Is the person in a union? If so, they need to seek advice ASAP.

If not, you can join most unions "late" and backdate a few months membership fees in order to be entitled to their help / protection.

What field does the person work in?

LonnyVonnyWilsonFrickett Mon 17-Nov-14 12:50:11

Yes but with the redundancy etc won't he be better off overall? Certainly in my last job the people with 2 or 3 years to go were clambering over each other to get out of the door. He needs to check all the facts.

TheAlias Mon 17-Nov-14 12:51:53

I agree also with Treats, "The company" don't save any money, the pension fund does, so if anyone benefits (and the difference is as big as you say, which I'm struggling to understand) it's his remaining colleagues whose pensions will be more secure.

Picturesinthefirelight Mon 17-Nov-14 13:04:28

As an employer my dad always tries to avoid making anyone redundant who is either over a certain age or has been with the company for more than so many years as its so expensive (your statutory entitlement increases if you are above a certain age. )

TheAlias Mon 17-Nov-14 13:09:56

Hmm, I'd keep that quiet Pictures, I think what you've described there is illegal!

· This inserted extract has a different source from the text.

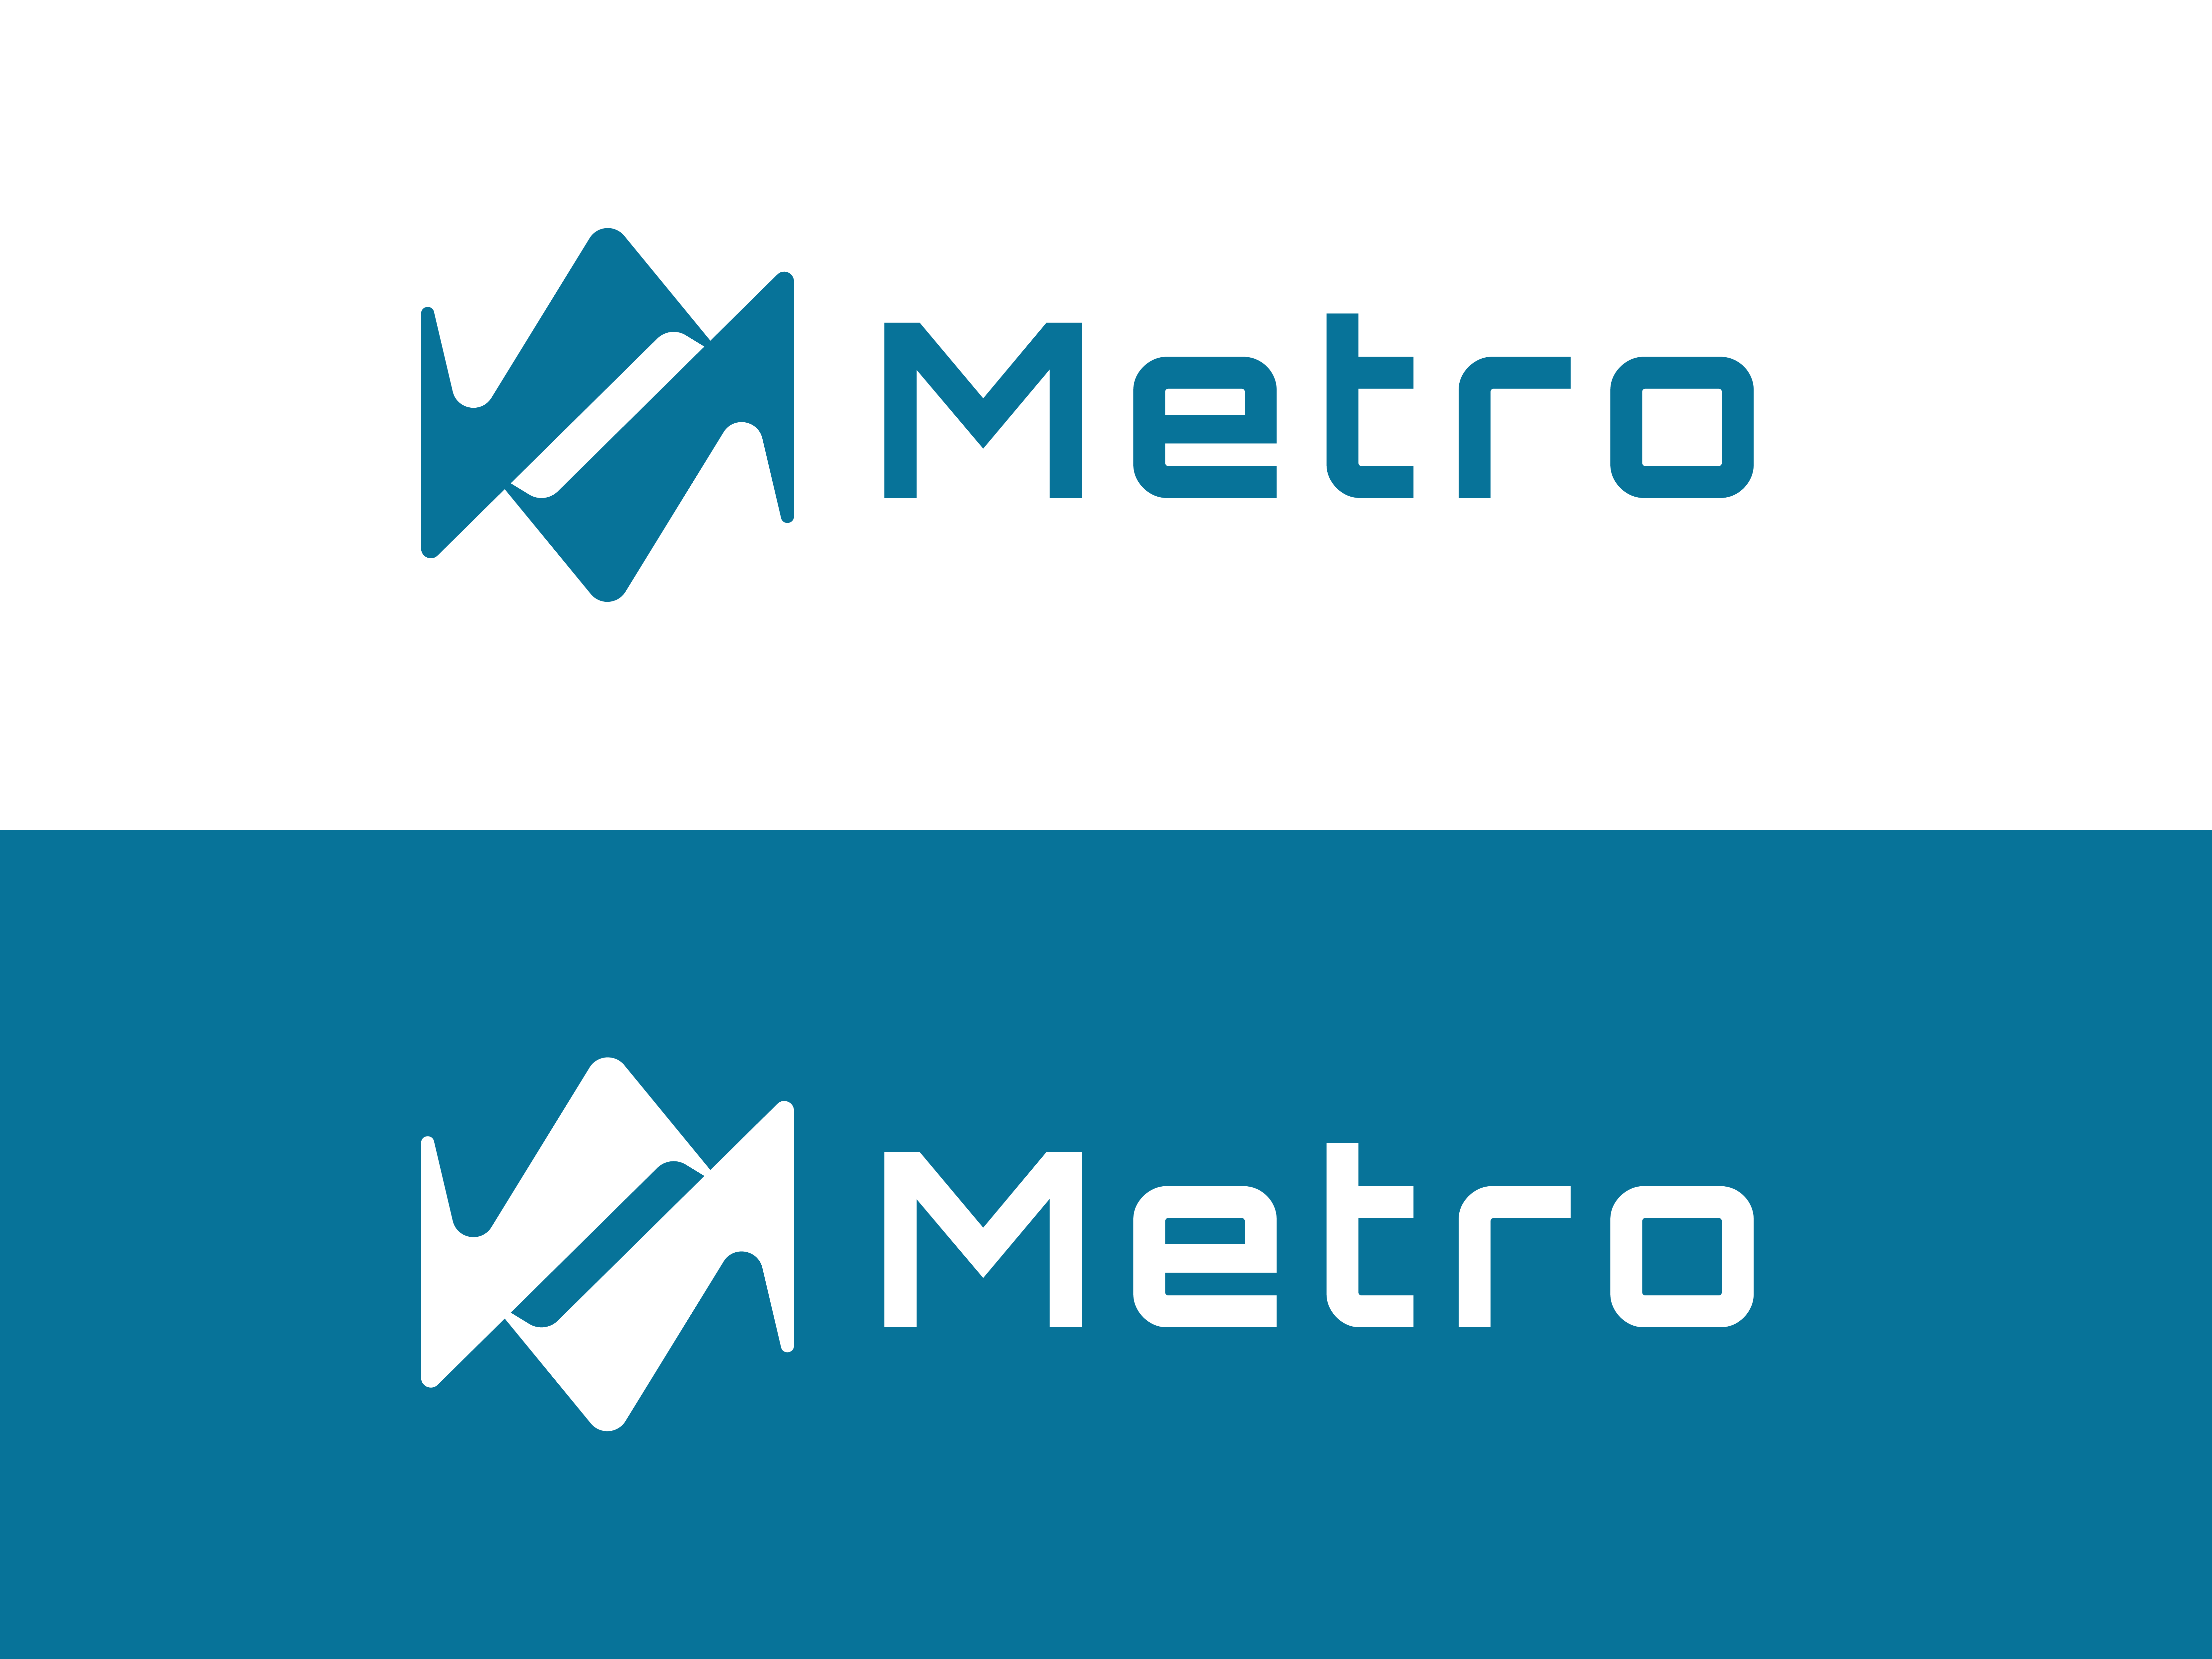 Metro city modern logo designs simple Royalty Free Vector

CornishYarg Mon 17-Nov-14 13:10:20

Obviously we don't know the full details but it sounds very odd. There are "preservation rules" governing pensions that protect people who leave before normal retirement date for whatever reason. Essentially, in a defined benefit scheme, there shouldn't be a big difference between the pension of someone who leaves close to retirement and someone who stays till retirement. (Unless a big payrise is granted just before retirement, but that's a different matter.) The individual concerned should definitely speak to HR or a union rep to understand what's going on.

I know someone who was made redundant 6 months before retirement and she was thrilled. Large redundancy payment, minimal impact on her pension and 6 months less work.

CinnabarRed Mon 17-Nov-14 13:11:20

Assuming you're correct about that pension then it's pretty much a unique scheme. I don't know of any other in the UK that works as you describe (I used to work in pensions).

Picturesinthefirelight Mon 17-Nov-14 13:20:43

Can't see how it's illegal as it means that those with long service/more experience are the ones kept on & you can select according to experience & qualifications/length of service.

ReallyTired Mon 17-Nov-14 13:22:00

"Hmm, I'd keep that quiet Pictures, I think what you've described there is illegal!"

There is nothing illegal about reduancy policies that favour longivity in the company. A lot of companies use a points system when selecting people for redunancy and its OK to give points for "experience". You cannot use age as a reduanancy criteria, but its allowable to keep on the more experienced individual. Performance managment is completely different.